Over the past few years, we’ve seen the thermal design power (TDP) of all types of chips steadily increase as chip makers struggle to keep Moore’s Law alive.
It (probably) won’t kill latency and could save you a buck
Over the course of five years, we’ve seen chipmakers push processors from 150-200W to as much as 400W in the case of AMD’s 4th generation Epic. And during that same period, we’ve seen a rapid rise in accelerated computing architectures that use GPUs and other AI accelerators. Following this trend, it’s not hard to imagine power consumption per socket in excess of 1kW in the next year or two, especially as AMD, Intel and Nvidia work to finalize their Accelerated Processing Unit (APU) architecture and merge the GPU data center with the CPU. The idea of 1KW may seem shocking and will almost certainly require direct liquid cooling or perhaps even immersion cooling.
However, higher TDPs are not inherently bad if the performance per watt is higher and scales linearly. But just because a CPU can burn 400W under load, doesn’t mean it should. While Intel and AMD have increased the TDP of their fourth-generation parts, they’ve also introduced a number of power management improvements that make it easier for users to prioritize pure performance or optimize for efficiency. In short, the Epic 4 can either be tuned to prioritize consistent performance stability or tuned to ensure consistent power consumption by modulating clock speed as more or fewer cores are loaded. Intel, meanwhile, introduced “Optimized Power Mode” to its Sapphire Rapids Xeon Scalable processors, which the company claims can reduce power consumption per socket by as much as 20 percent, in exchange for a performance gain of roughly 5 percent.
According to Intel contributor Mohan Kumar, the power management feature is particularly effective in scenarios where CPUs are only running at 30-40 percent utilization. With Optimized Power Mode enabled, he says customers can expect a 140W reduction in power consumption on a dual socket system.
Dogma
Of course, power management at the CPU level does not perform very well.
“IT operators are risk averse. The general reaction to energy management is – because of the small energy and cost savings, the risk in terms of our service level agreements with our customers is too high. And so, there’s a reluctance to move into using power management,” said Uptime Institute analyst Jay Dietrich. “There is usually an urban legend associated with these beliefs involving an SLA disaster three technological generations in the past”.
While the ability to pack two or three racks of legacy systems into a single cabinet full of Epics or Xeons—a logic not unique to AMD—is quite attractive, most data centers simply aren’t equipped to power or cool the resulting equipment.
As CPUs and GPUs become more and more power-hungry, the number of systems you can fit into a typical six-kilowatt rack plummets.
Factoring in RAM, storage, networking, and cooling, it’s not hard to imagine a 2U, two-socket Epic 4 platform consuming much more than a kilowatt. That means it will only take five or six nodes—six to 12 rack units—before you blow your rack power budget. Even assuming that all of those systems won’t be fully loaded at the same time—they probably won’t—and if you overprovision the rack, you’ll still run out of power before the rack is half full. And that’s just looking at general computing nodes. GPU nodes are even more power hungry.
Of course, data center operators are not blind to this reality, and many are taking steps to upgrade their new and existing infrastructure to support hotter, higher-power systems. But it will take time for data center operators to adapt and perhaps even encourage the adoption of these power management features to reduce operating costs.
Source: Theregister
Source: PC Press by pcpress.rs.
*The article has been translated based on the content of PC Press by pcpress.rs. If there is any problem regarding the content, copyright, please leave a report below the article. We will try to process as quickly as possible to protect the rights of the author. Thank you very much!

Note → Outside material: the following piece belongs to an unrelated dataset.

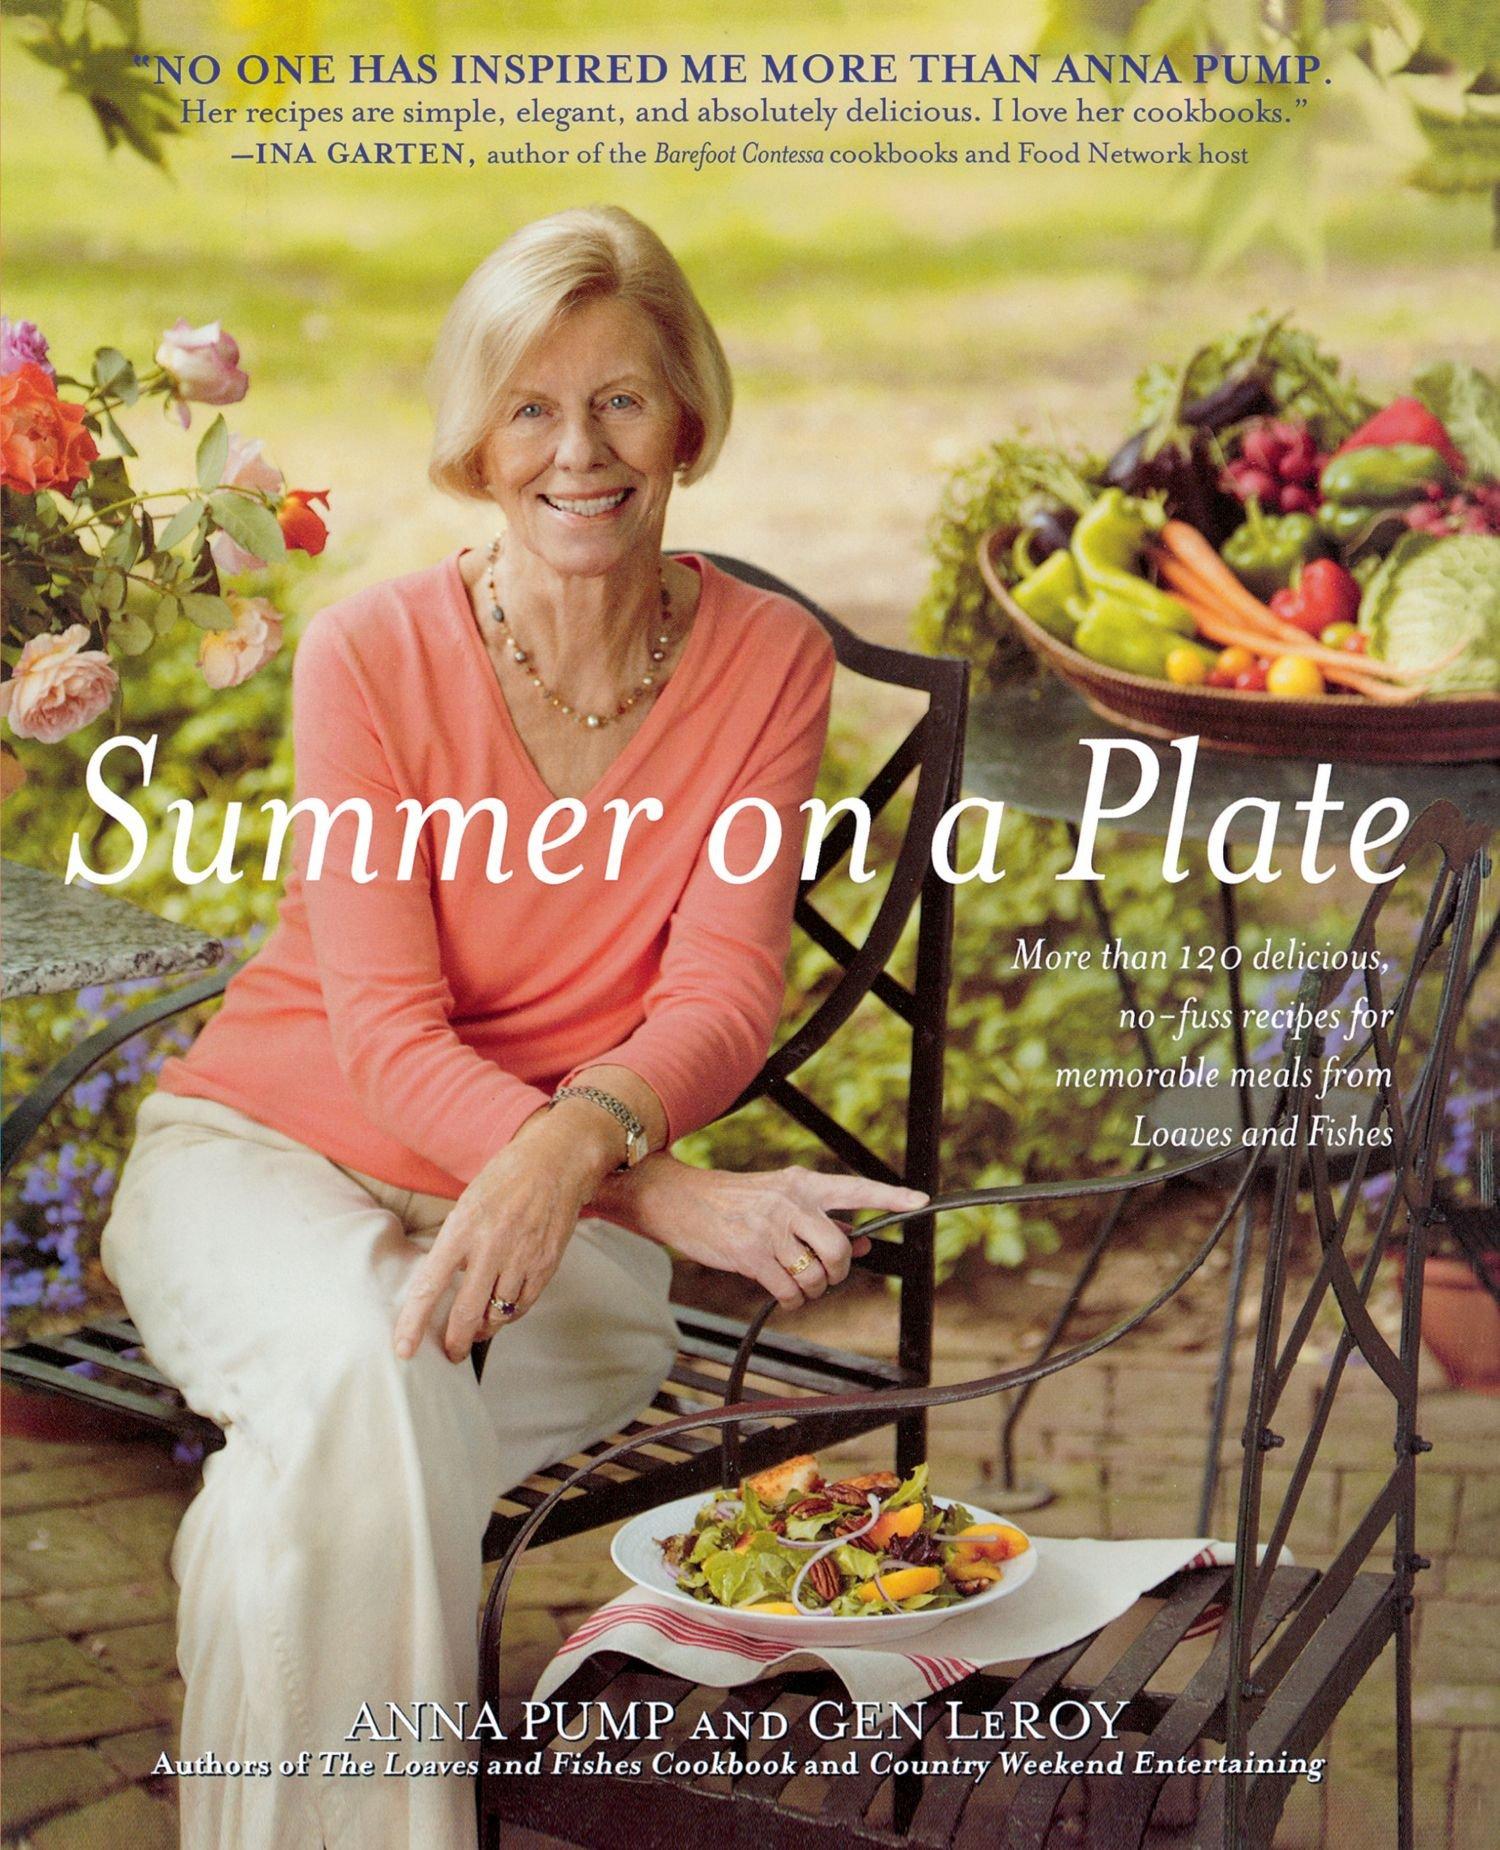 Summer On A Plate: More Than 120 Delicious, Nofuss Recipes For Memor: Anna  Pump, Gen Leroy, Alan Richardson: 9781451626018: Amazon: Books
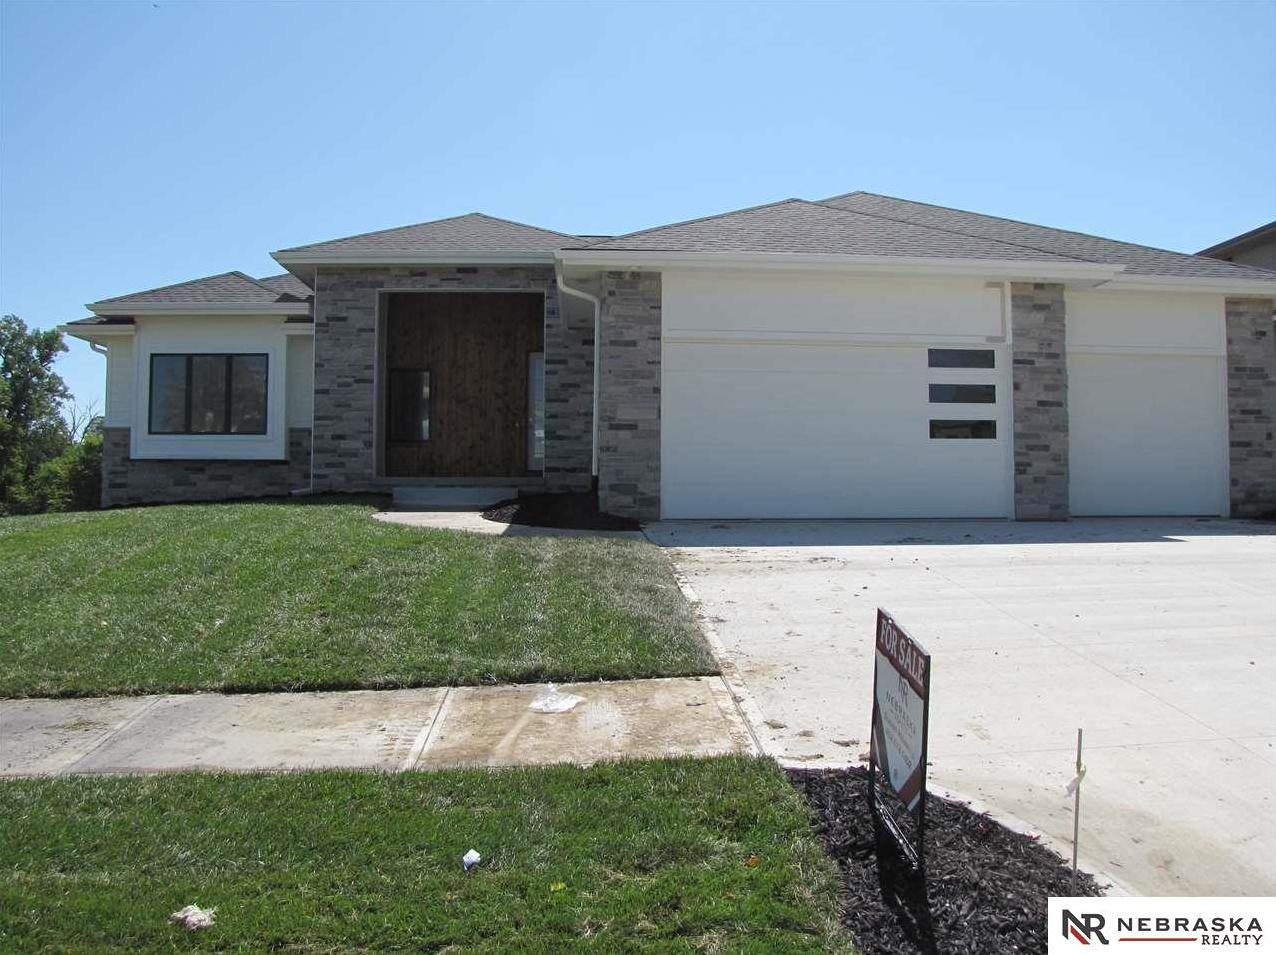 Photo of 21111 B Street Omaha NE 68022

*We just want readers to access information more quickly and easily with other multilingual content, instead of information only available in a certain language.
*We always respect the copyright of the content of the author and always include the original link of the source article.If the author disagrees, just leave the report below the article, the article will be edited or deleted at the request of the author. Thanks very much! Best regards!